The vessels will comply with the latest marine contract vessel specifications and requirements from Saudi Aramco, including ABS SMART and IDM-A notations.
Designed by Incat Crowther, each FSIV will be powered by four MTU 16V4000 diesel engines coupled to ZF gearboxes driving Hamilton HT810 Waterjets. Full load service speed for the dynamic positioning class-2 vessels will be 25 knots. Three Hydromaster tunnel bow thrusters will provide manoeuvrability for docking and unloading of cargo and personnel. Two of the main engines will be coupled to 1,200 m3/hr firefighting pumps offering FiFi-1 capability.

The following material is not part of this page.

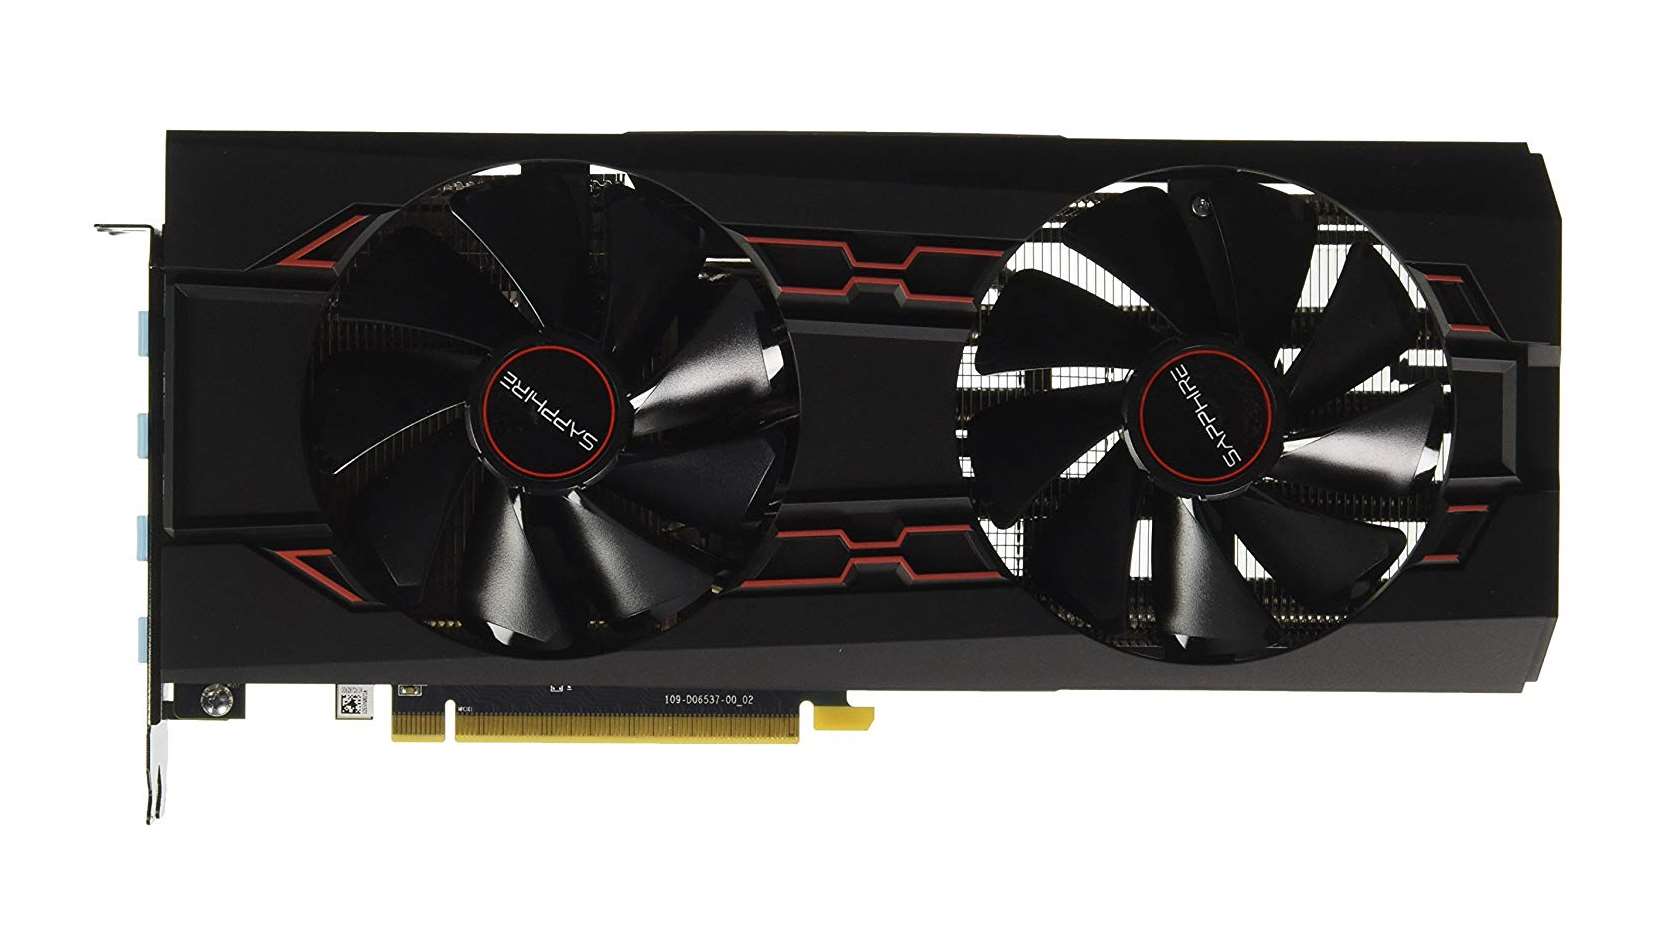 Sapphire's AMD RX Vega price cut was an error, RTX 2060 remains | PCGamesN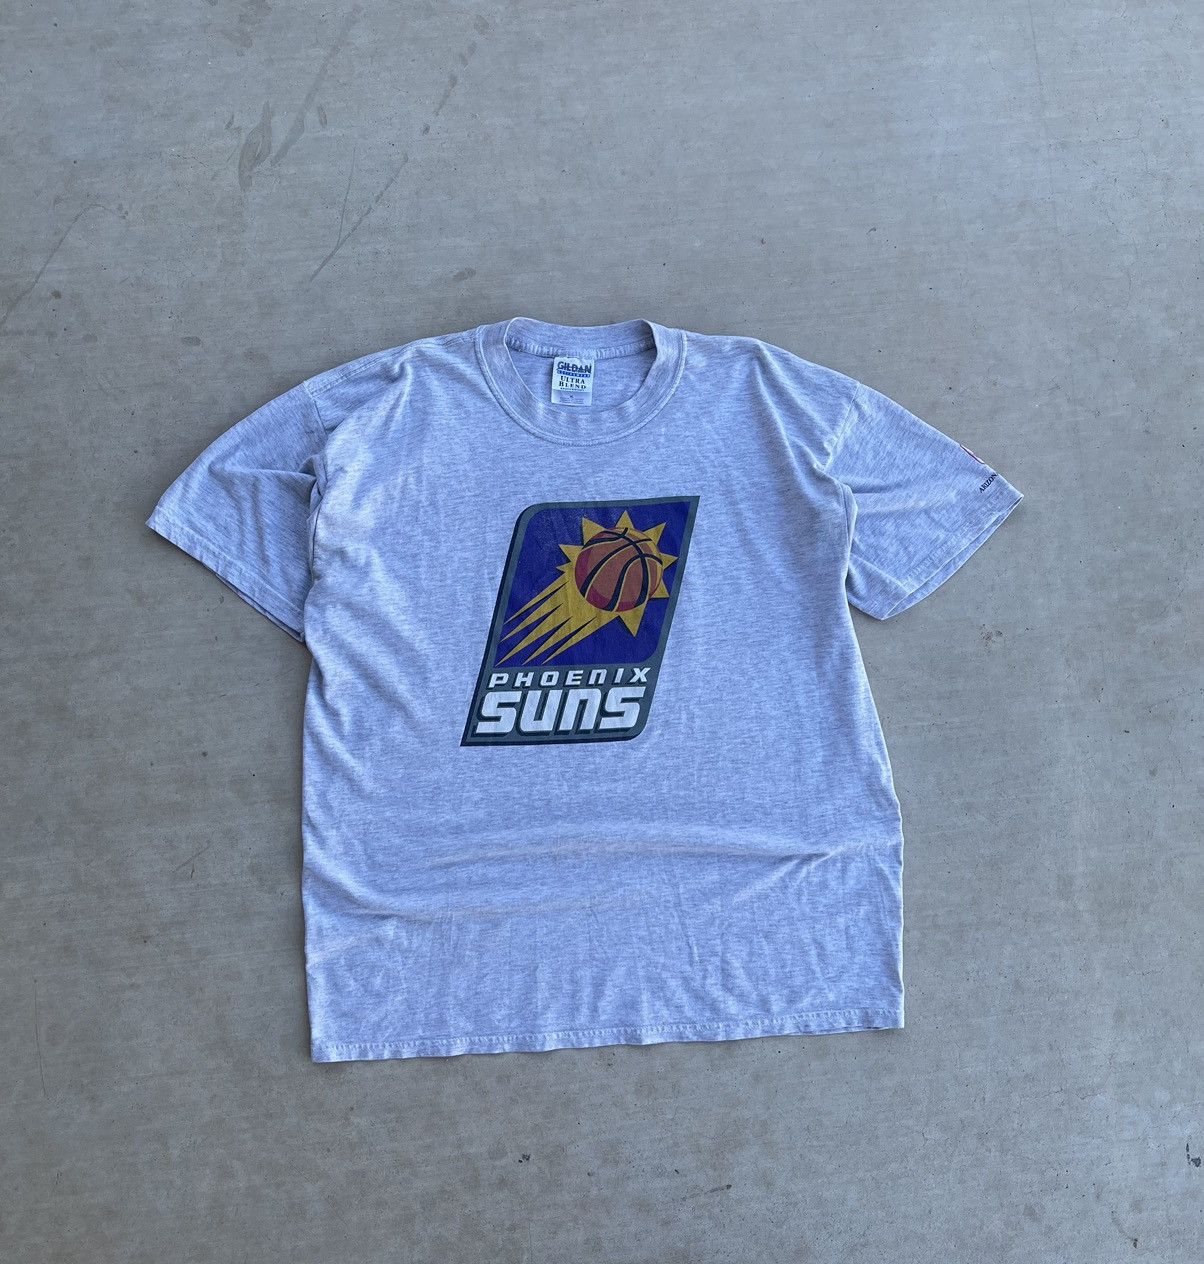 Nike Vintage Early 2000’s Phoenix Suns Basketball T Shirt Size XL Size US XL / EU 56 / 4 - 2 Preview

Construction of the new vessels is well underway at Lita Ocean, with deliveries taking place in 2024 and 2025.
In February, Saudi Arabia’s Public Investment Fund acquired a 40% stake in Zamil Offshore Services. The Saudi sovereign wealth fund’s investment is aimed at backing the expansion of Zamil Offshore’s services and fleet, which already controls about 90 vessels in the Gulf.
Zamil Offshore has two joint ventures, including Zamil Mermaid – which provides subsea diving services – and SBS Oceanics, which offers maintenance, modification and upgrade services for offshore platforms.
Lita Ocean and Incat Crowther teamed up on a series of three newbuild 33-m crewboats for NSW Nakilat SvitzerwijsMuller. Those boats serve as wellhead maintenance and crew transfer vessels for QatarEnergy. The Singapore shipbuilder also delivered the 23-m workboats NSW Hassa and NSW Huwailah to NSW Nakilat SvitzerwijsMuller for Qatar this year.